Было так много хорошего! Помнишь, Тарасик был уже большой, а вы танцевали по вечерам: по субботам, когда радио передавало вальсы. Кружились по комнате, наталкивались на обеденный стол, коляску, потом принимались кружиться по коридору. Соседки глядели молча на вспархивающее мамино голубое платье. Мама и папа кружились между сундуками, раскладушками, холодильником. Не выдержав, дед хватал Тарасика на руки и тоже пускался в пляс. Если было лето, они кружились по двору на удивление петухам. Петухи выскакивали из своих сарайчиков: двор был старый. Петухи усаживались в рядок на дощатый забор и, слегка наклонив головы, глядели кругло и глупо на маму и папу. По двору тихо гуляли куры, обалдело шарахались от кружившихся мамы и папы. А мама и папа, забыв обо всем на свете, так хорошо, так красиво танцевали между маленькими палисадниками, которые загораживали окошки нижних этажей. Тарасик подпрыгивал на руках у деда, хлопал в ладоши, кричал:
— Глядите, глядите, мама с папой танцуют!

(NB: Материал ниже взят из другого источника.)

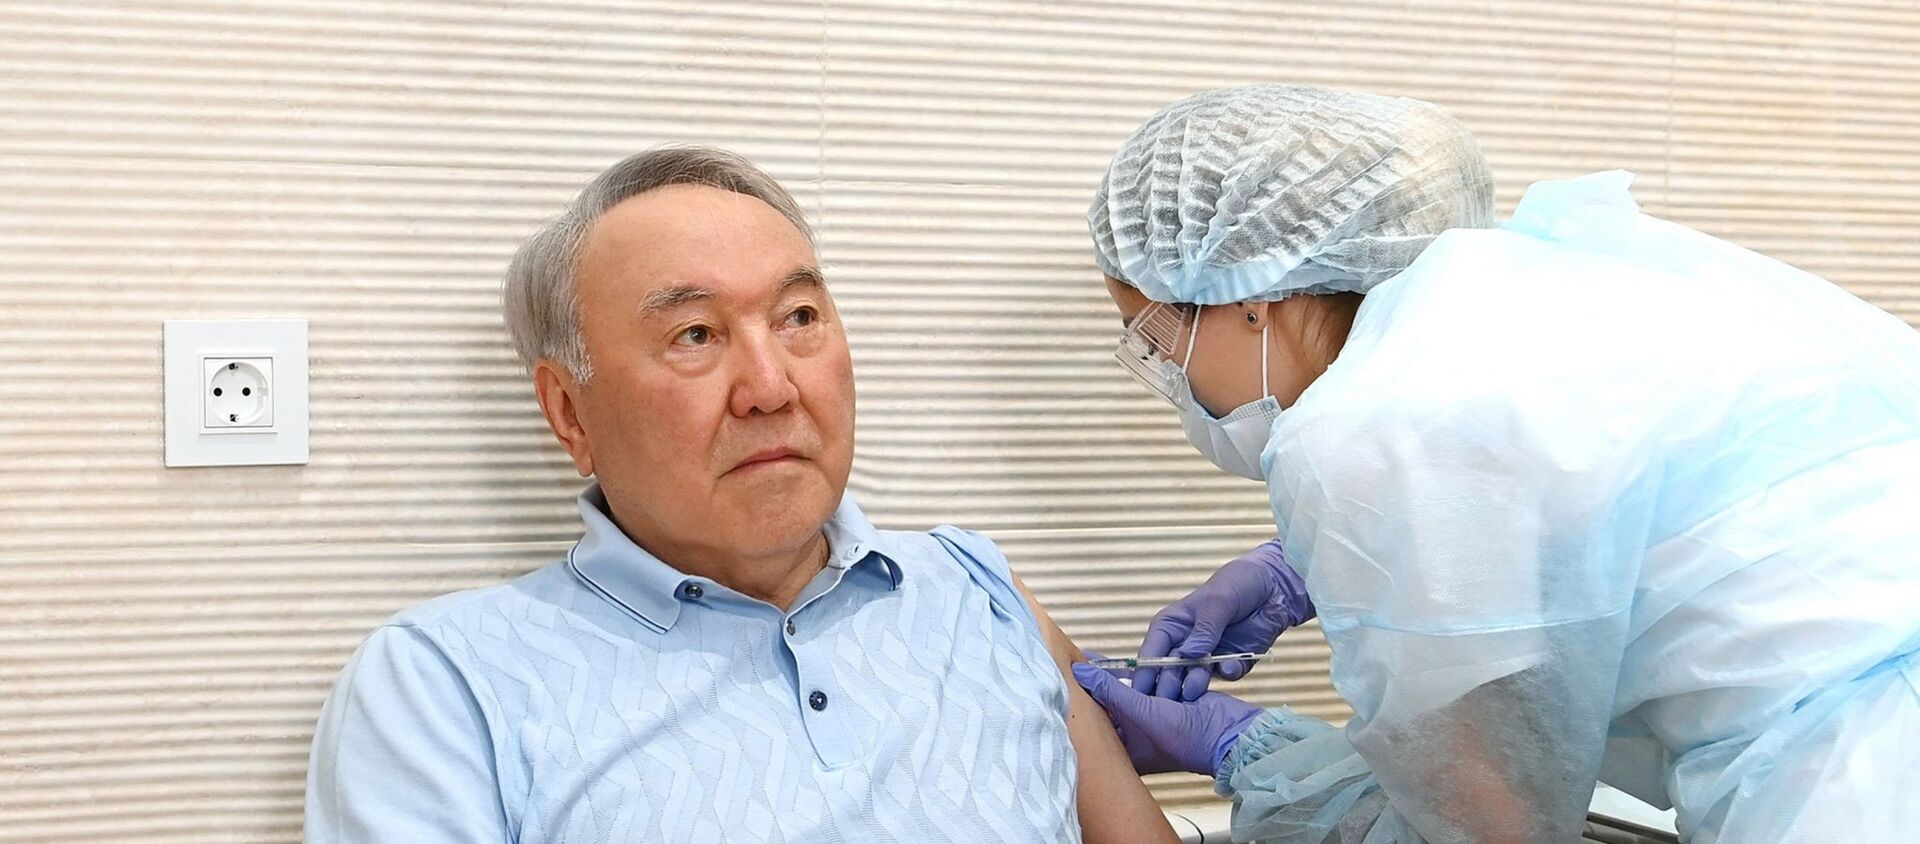 Первый президент Казахстана - Елбасы Назарбаев получил первый компонент вакцины Спутник V - Sputnik Қазақстан, 1920, 30.06.2021

Зачарованно перебирала мама тонкими ногами в тапках по острым камням двора. Садилось солнце. Папа глядел, чуть-чуть улыбаясь, на ее черные волосы. От солнца они становились рыжими.
Едва поспевая за ними, кружился по двору дед с Тарасиком на руках.
— Искры пляшут! — говорили соседки, поглядывая на них из раскрытых окошек.
…Спасибо, что оно тут — голубое платье. Ушла, уехала. Люди проходят практику под Москвой и даже в Москве, когда у них есть ребенок. А ей подавай моря, океаны, штормы. Однако он не сказал, чтоб она не ехала на Дальний Восток. До этого он себя допустить не мог. Он смеялся над ней, подтрунивал. Перестал ей глядеть в глаза. Смотрел куда-то поверх ее тонких бровей (это было нетрудно: ведь росточком она не вышла).
— Да, да, папаша, видно, судьба кому-нибудь прославить нашу семью. Вот она и прославит. «Софья Искра». Звучит?.. Тарасик, мама твоя человек творческий, без пяти минут журналист, а глядишь — раз-два и в писатели выйдет… Тогда нам с тобой до нее, пожалуй, не дотянуться.
— Чего? — говорил Тарасик и хватался за мамин подол.
Папа не отвечал. За два дня до ее отъезда он не выдержал, сдался, перестал смеяться и начал свистеть. Никогда в жизни он не свистел так много, как в эти дни. Смотрел в окно и насвистывал. Брился — насвистывал. Вместо того чтобы сказать «до свиданья», «здравствуй» или «дай мне обедать», свистел.